++++ Dataset extract

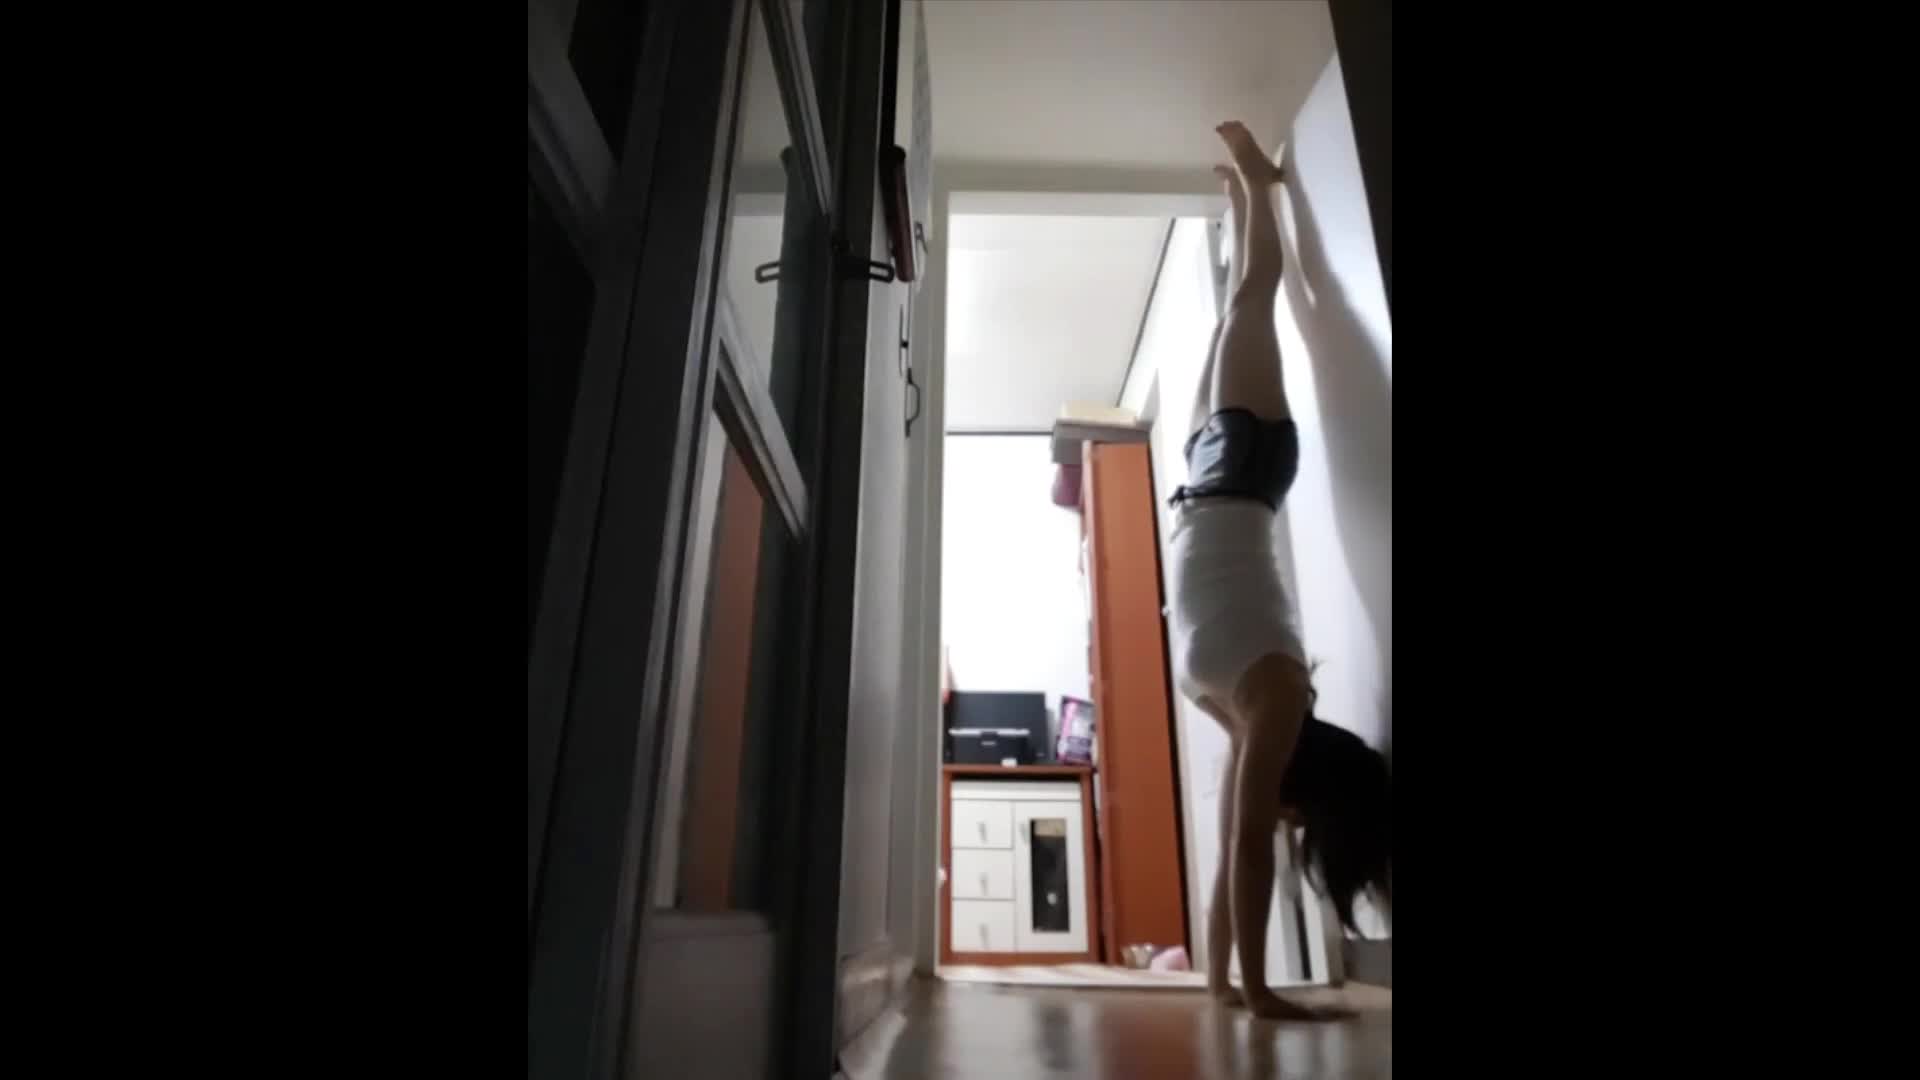 Use the door to help with yoga for balance.
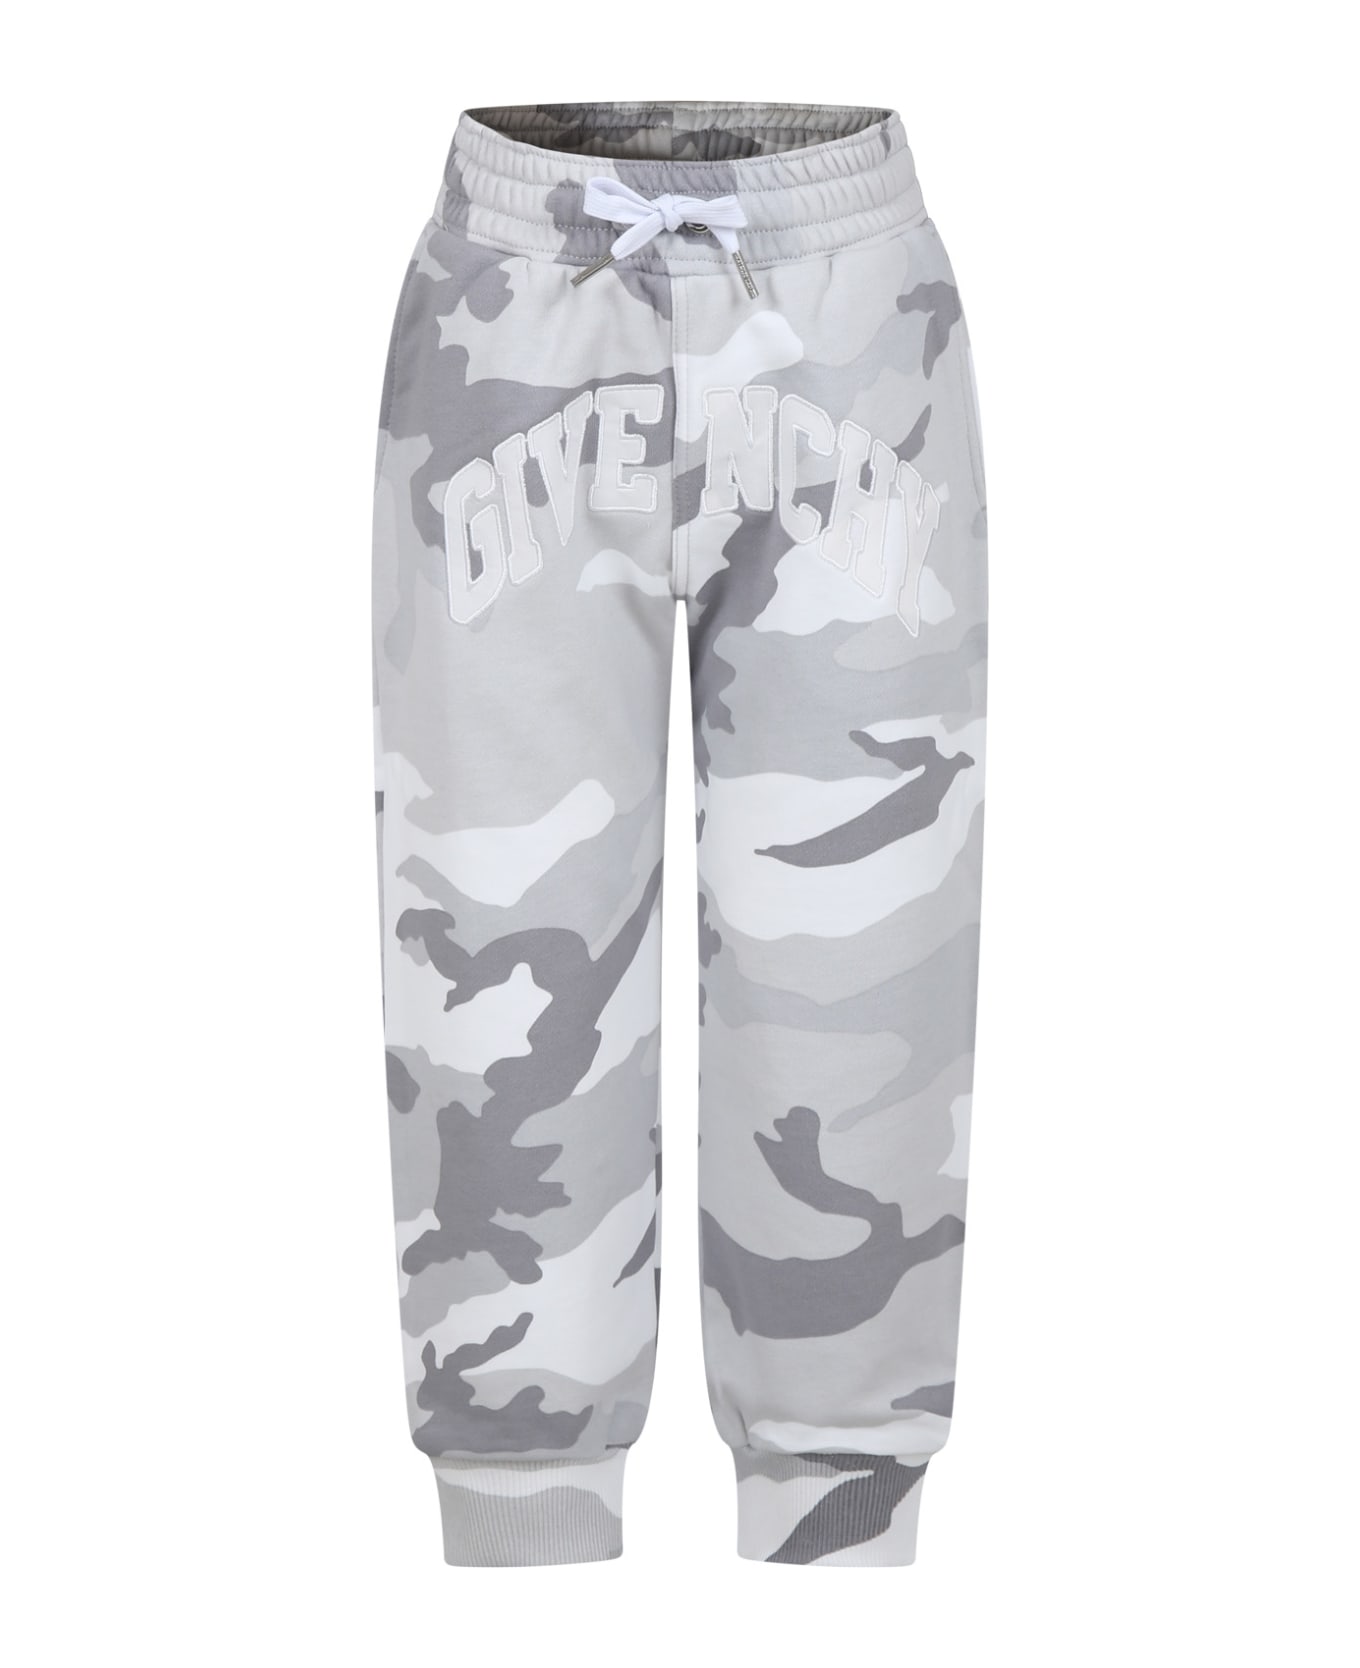 Givenchy Gray Trousers For Kids With Camouflage Pattern - Grey ボトムス
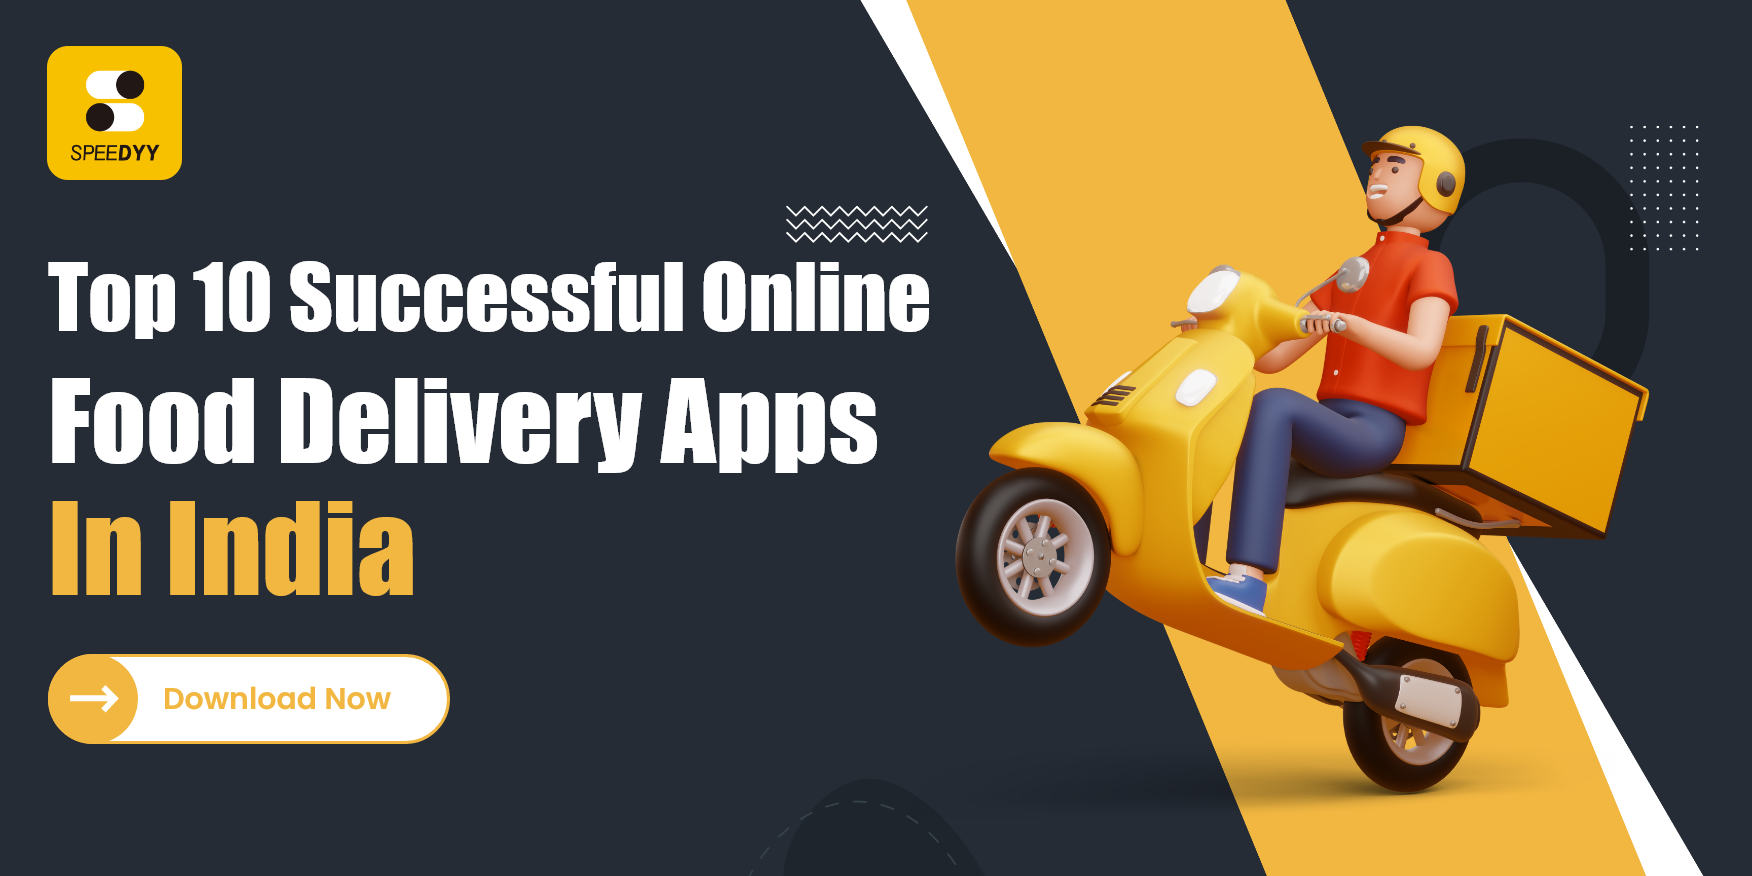 Online Food Delivery Apps

++++++++

== Task prompt ==
Give back the data exactly. Skip any images.

== Answer to the exercise ==
 Use the door to help with yoga for balance.
 Givenchy Gray Trousers For Kids With Camouflage Pattern - Grey ボトムス
 Online Food Delivery Apps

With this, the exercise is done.